Start of Data section
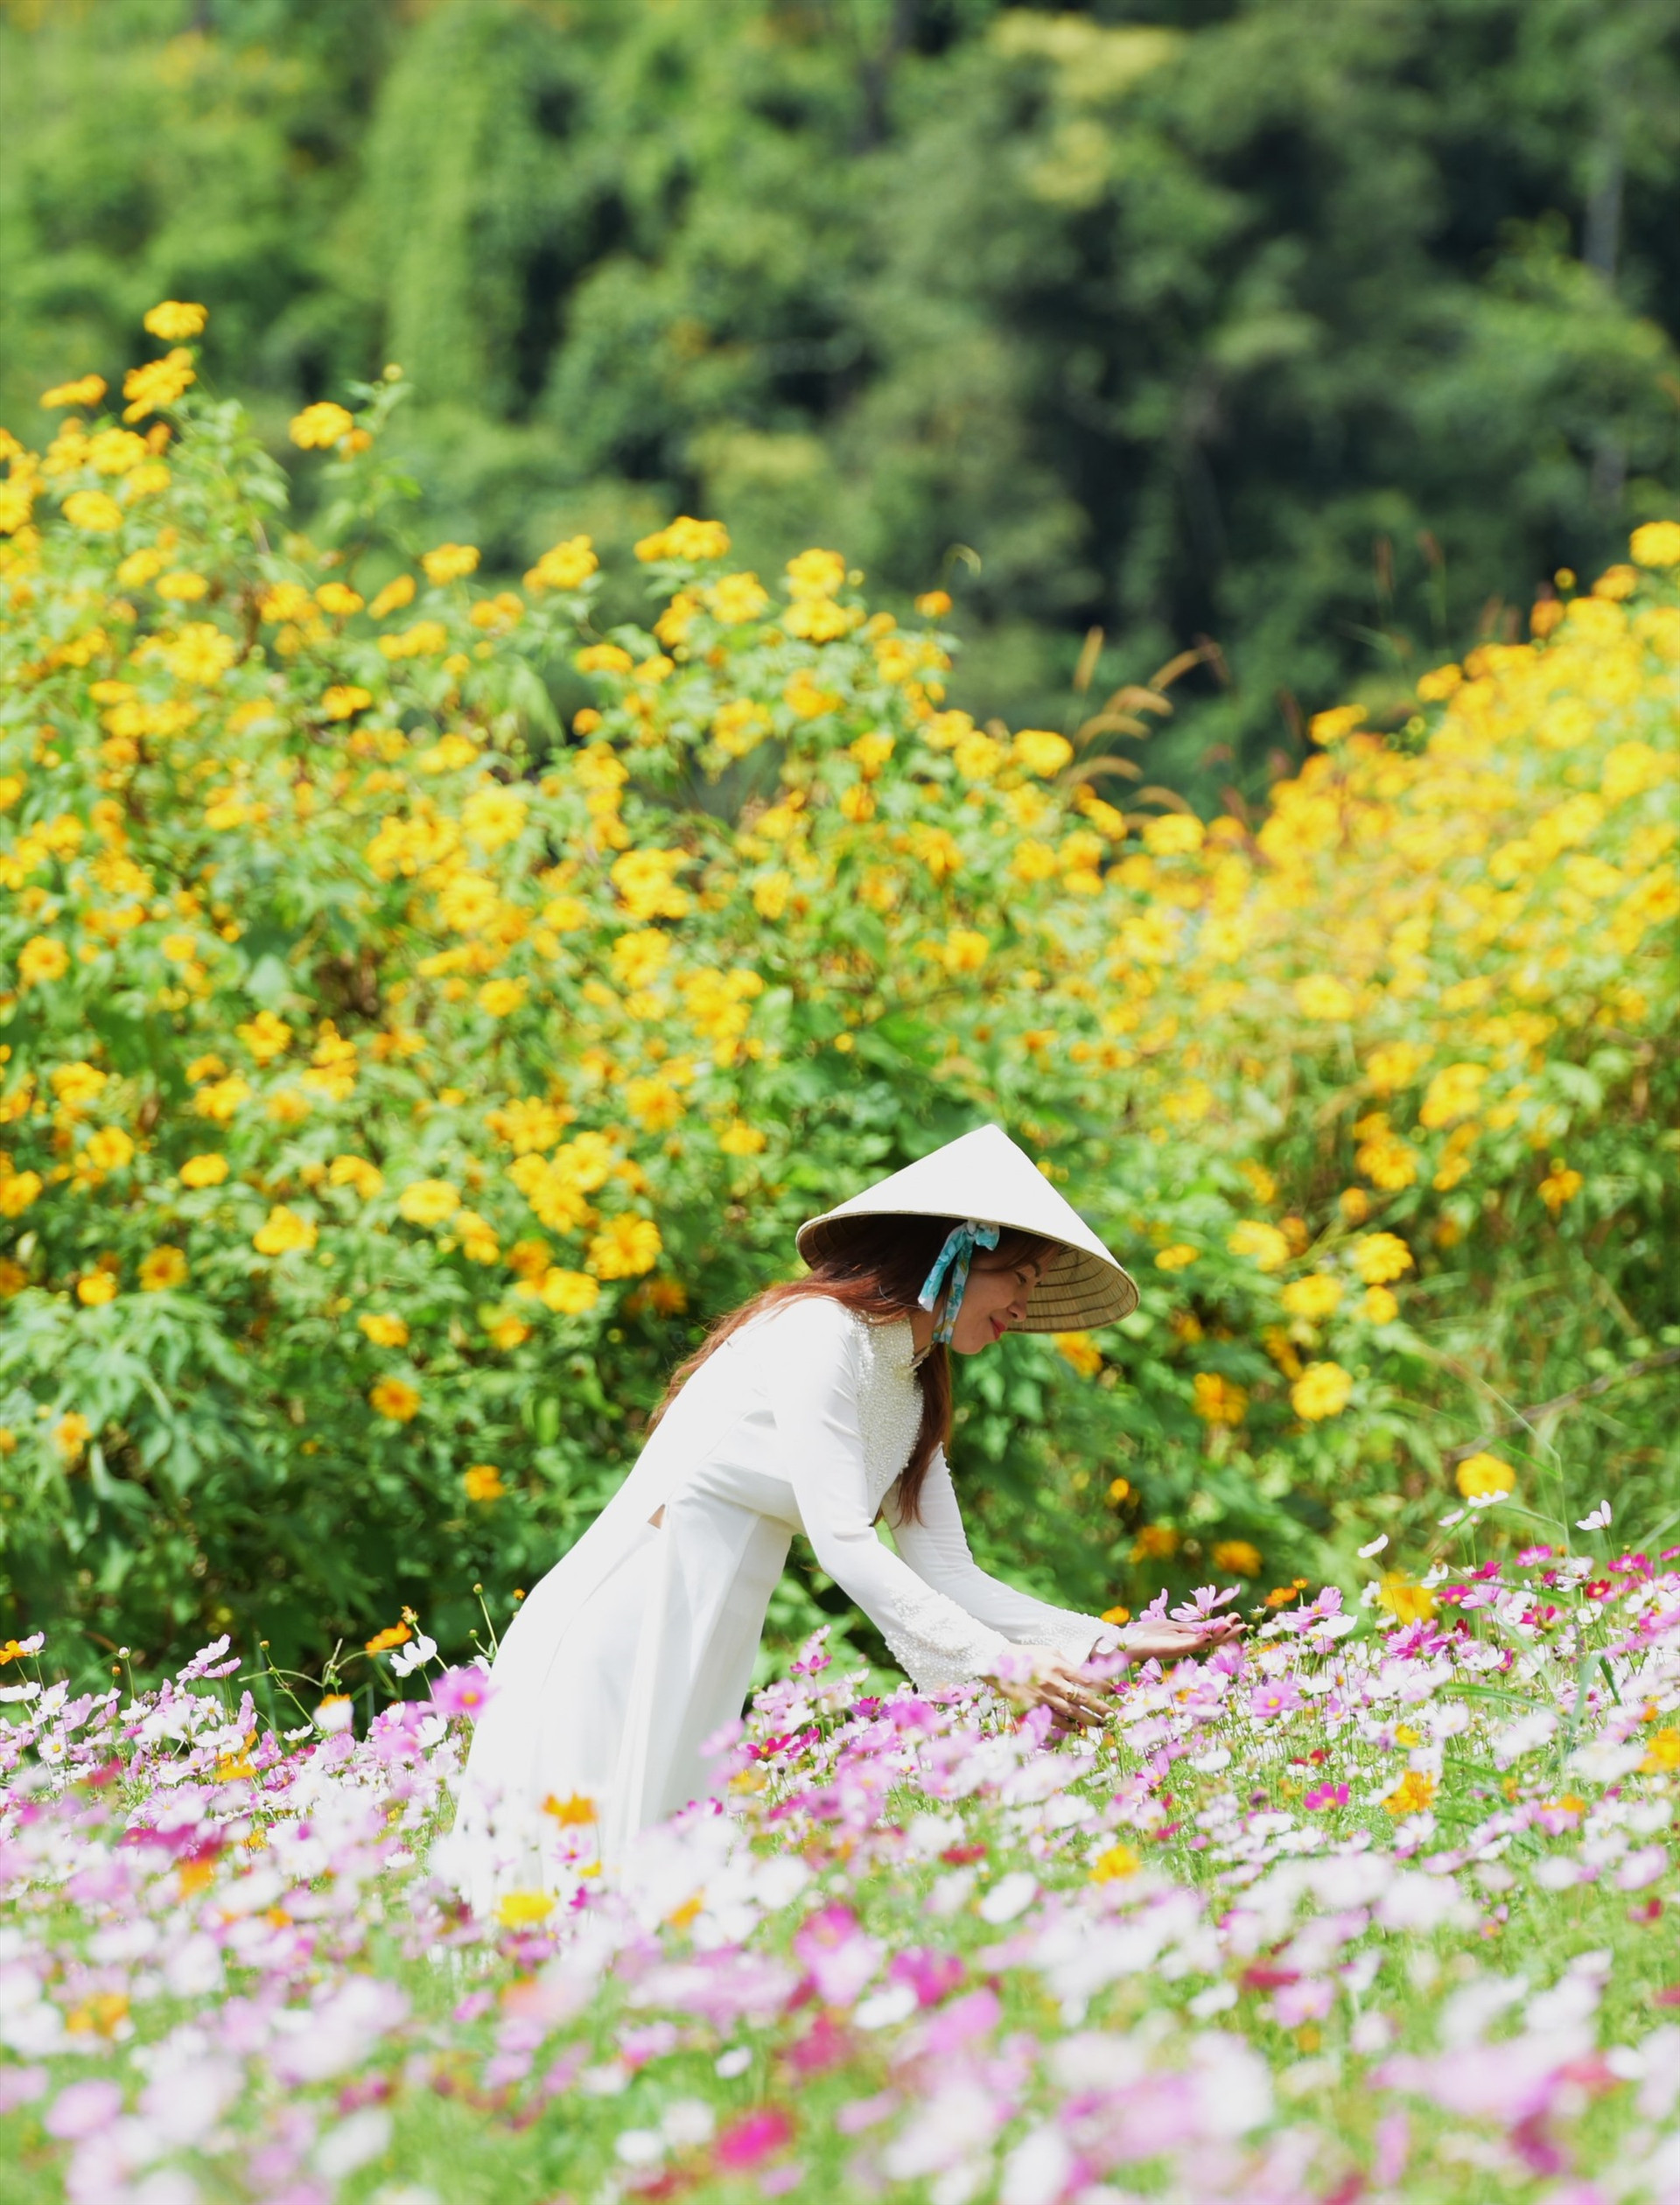 Theo người dân địa phương năm nay mưa thuận, gió hòa nên hoa dã quỳ ở Chư Đang Ya phát triển tươi tốt. Hoa dã quỳ tượng trưng cho sức sống mãnh liệt của Tây Nguyên…
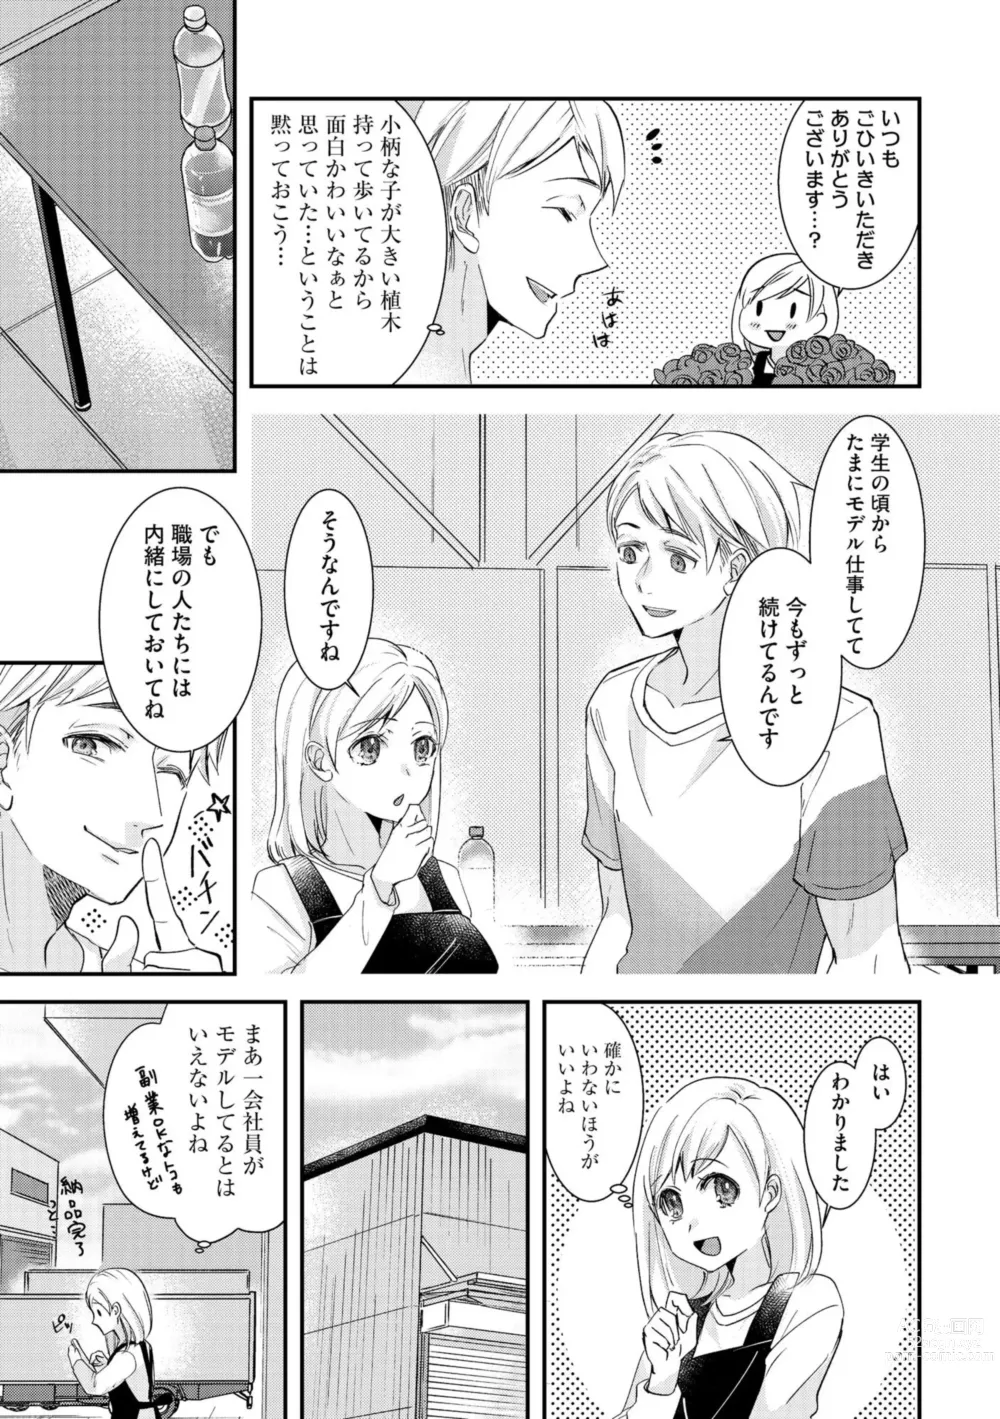 Page 7 of manga Karada Kakusa 40 cm no Amaicha Ressun XL-kyū no Okkina Are de Okumade Guriguri 1
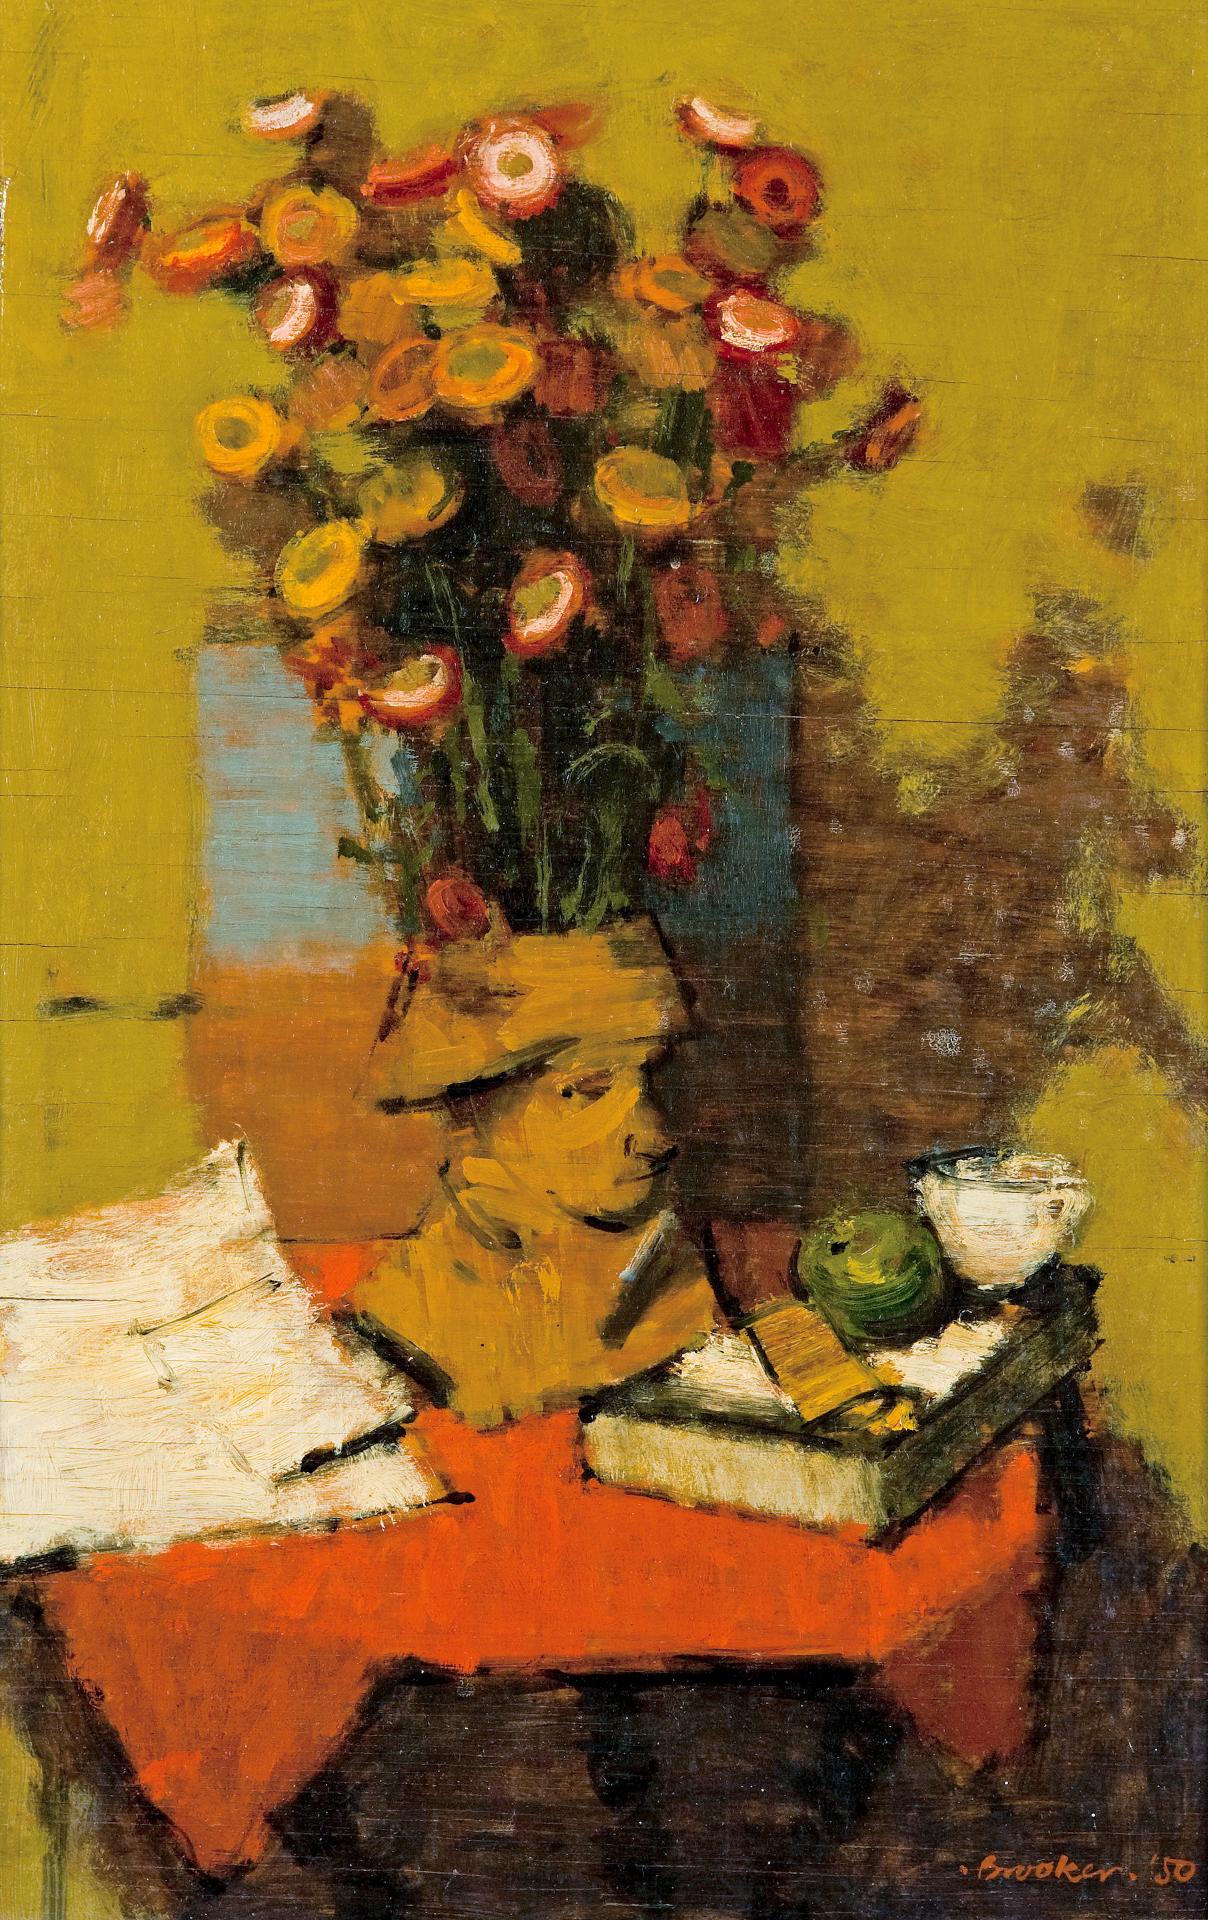 William Brooker (1918-1983) - Everlasting flowers
End of Data section
» Exercise objective: Write the data above out again exactly, every line of it, and exclude the pictures.

» Task solution:
 Theo người dân địa phương năm nay mưa thuận, gió hòa nên hoa dã quỳ ở Chư Đang Ya phát triển tươi tốt. Hoa dã quỳ tượng trưng cho sức sống mãnh liệt của Tây Nguyên…
 Page 7 of manga Karada Kakusa 40 cm no Amaicha Ressun XL-kyū no Okkina Are de Okumade Guriguri 1
 William Brooker (1918-1983) - Everlasting flowers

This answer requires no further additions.